====== Data records
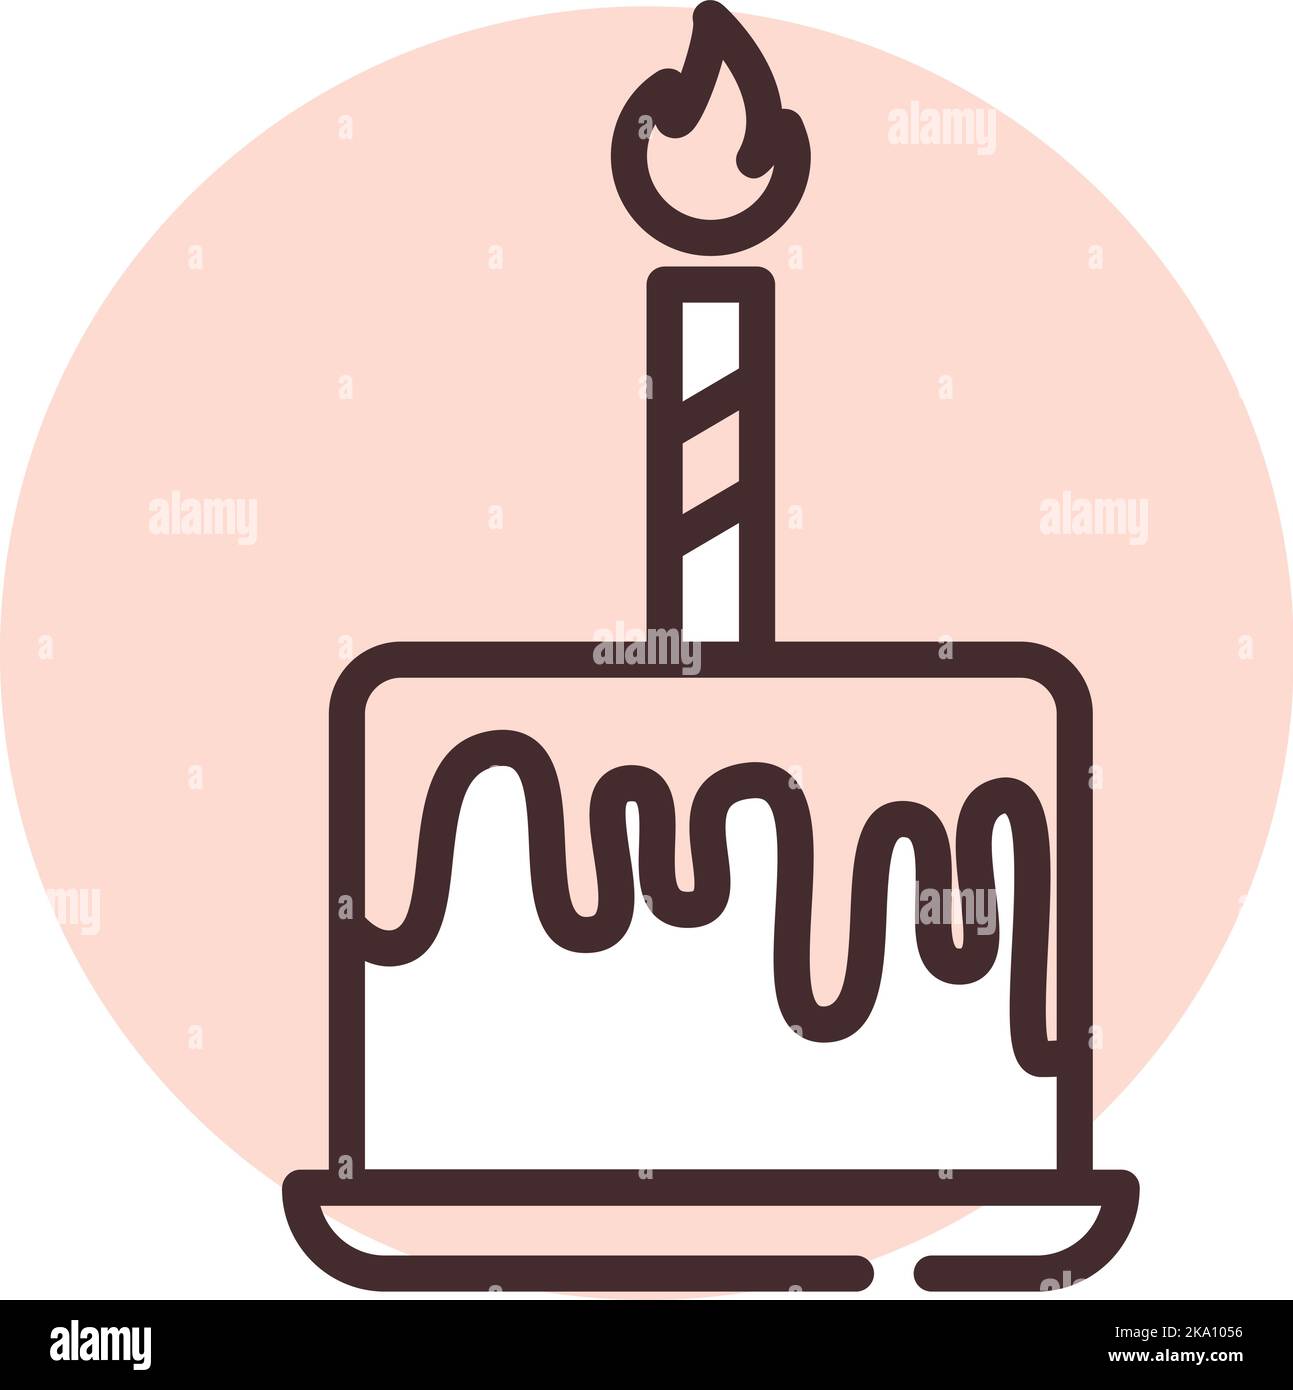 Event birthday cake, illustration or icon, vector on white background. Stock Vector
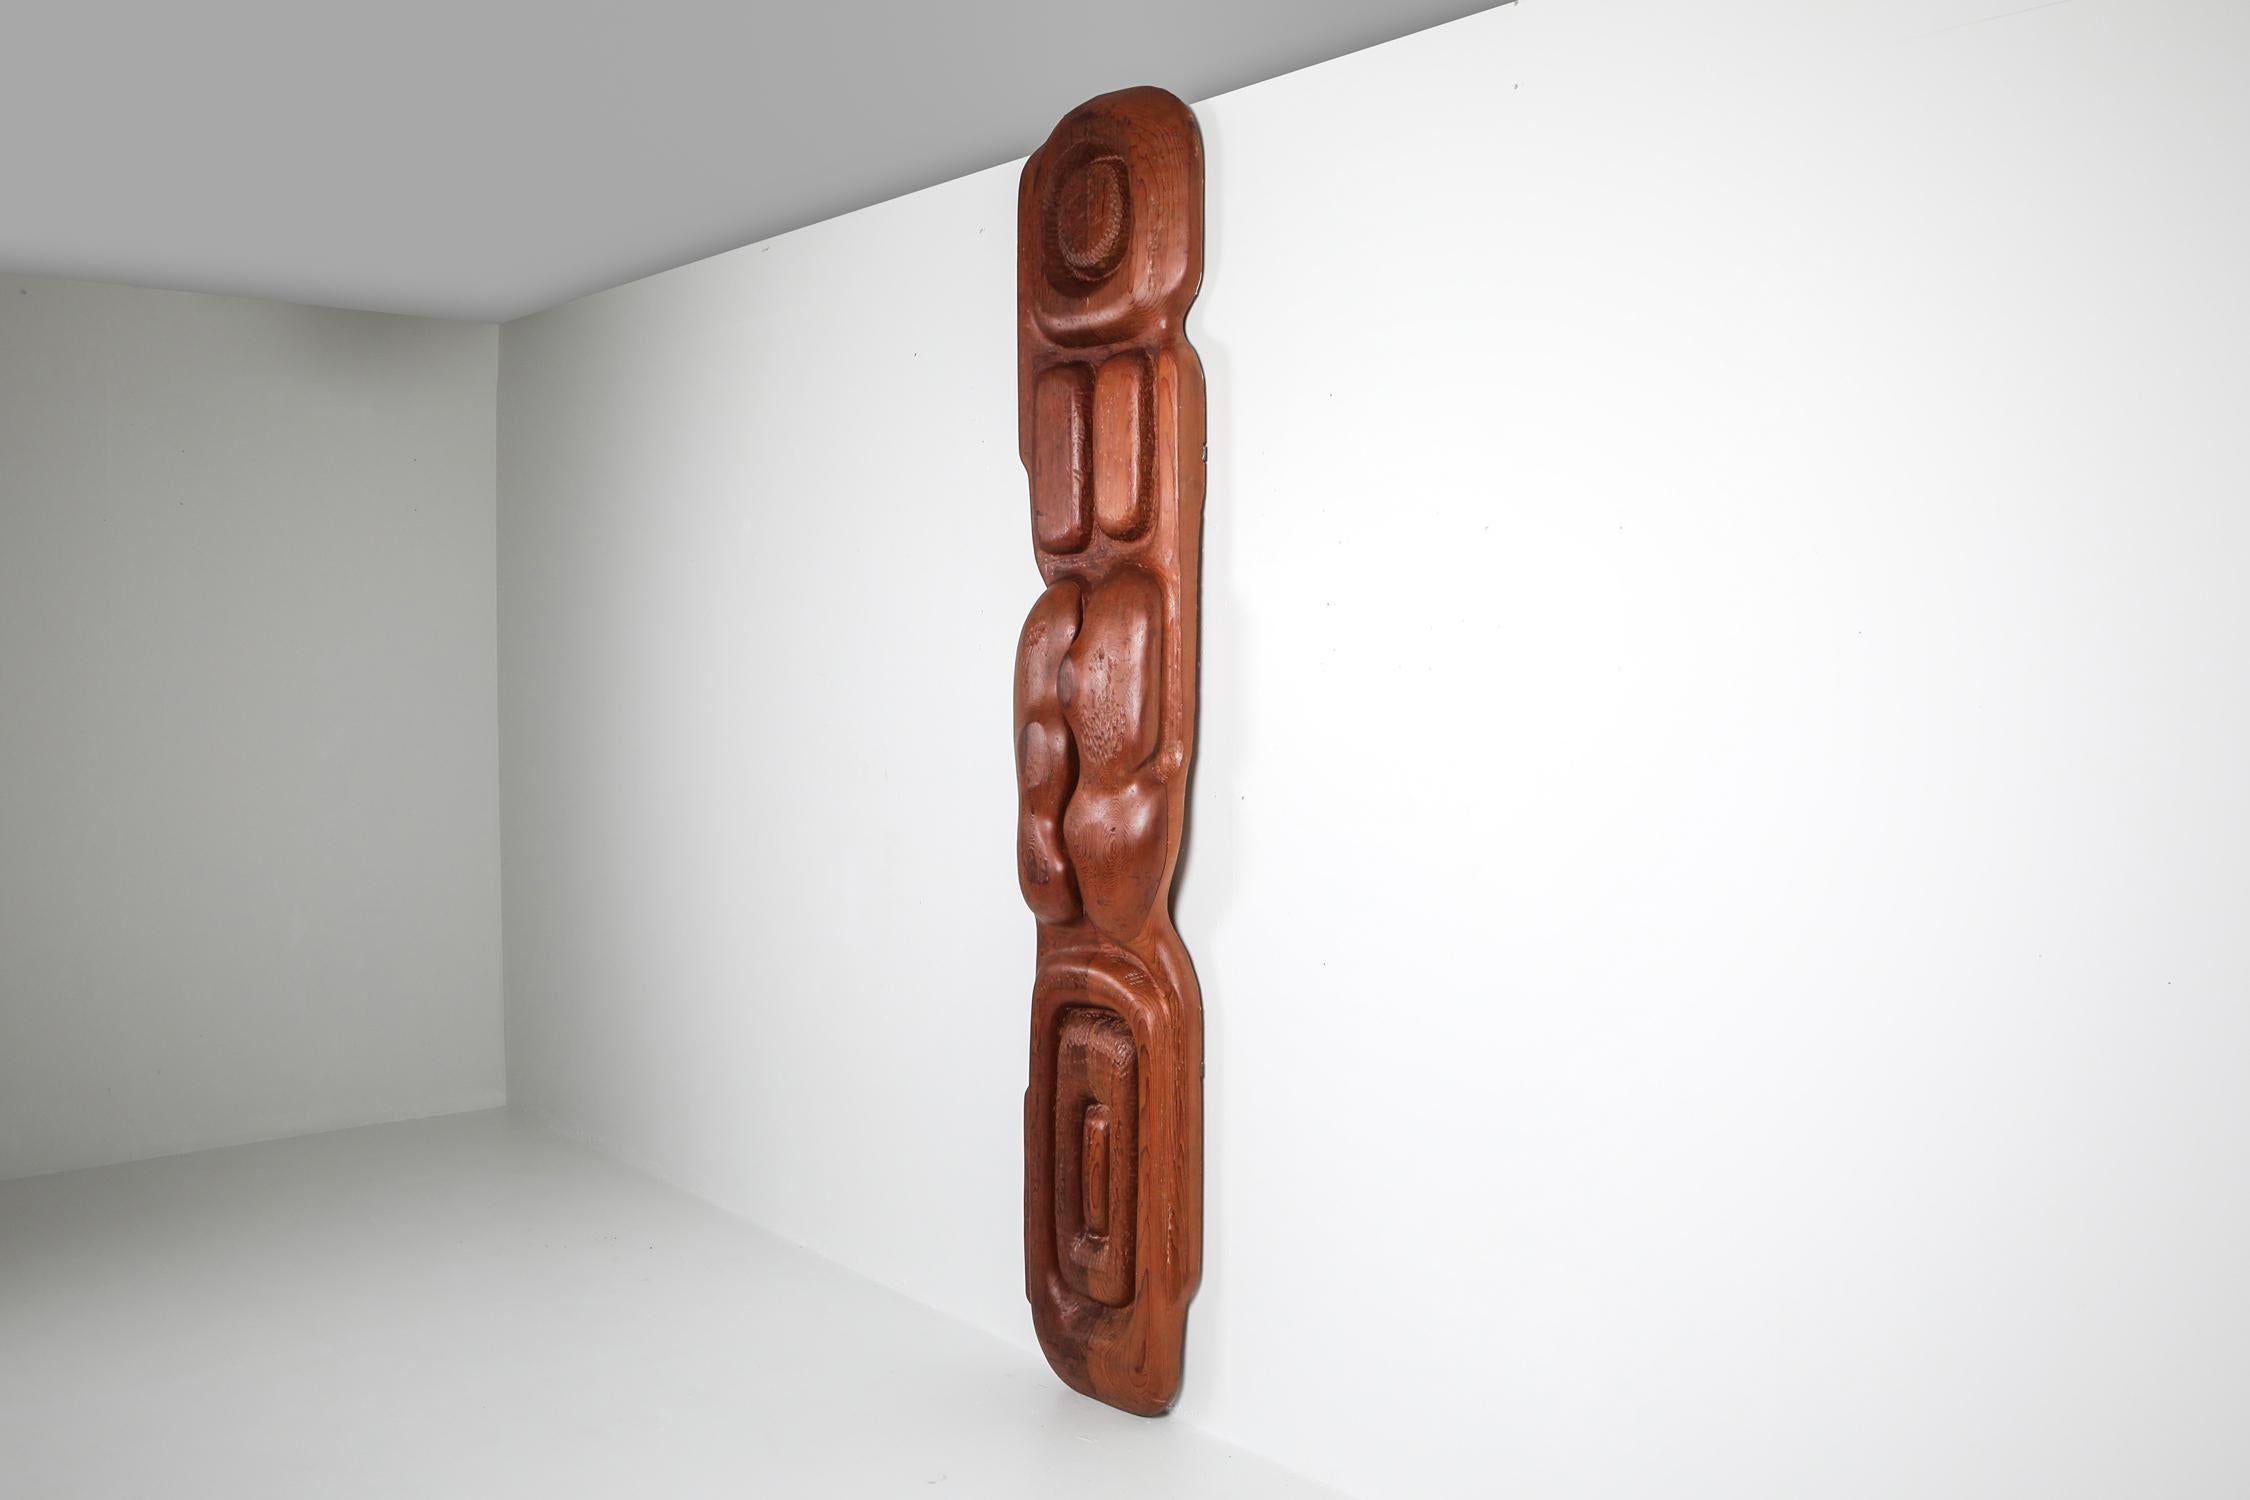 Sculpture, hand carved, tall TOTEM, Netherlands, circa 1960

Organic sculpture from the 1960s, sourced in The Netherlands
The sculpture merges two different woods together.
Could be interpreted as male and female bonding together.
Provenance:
============
▸ **Activity**
Only one span is to be repeated: the line with "The sculpture merges" through the final line of the entries above, word for word.

▸ **Solution below**
The sculpture merges two different woods together.
Could be interpreted as male and female bonding together.
Provenance:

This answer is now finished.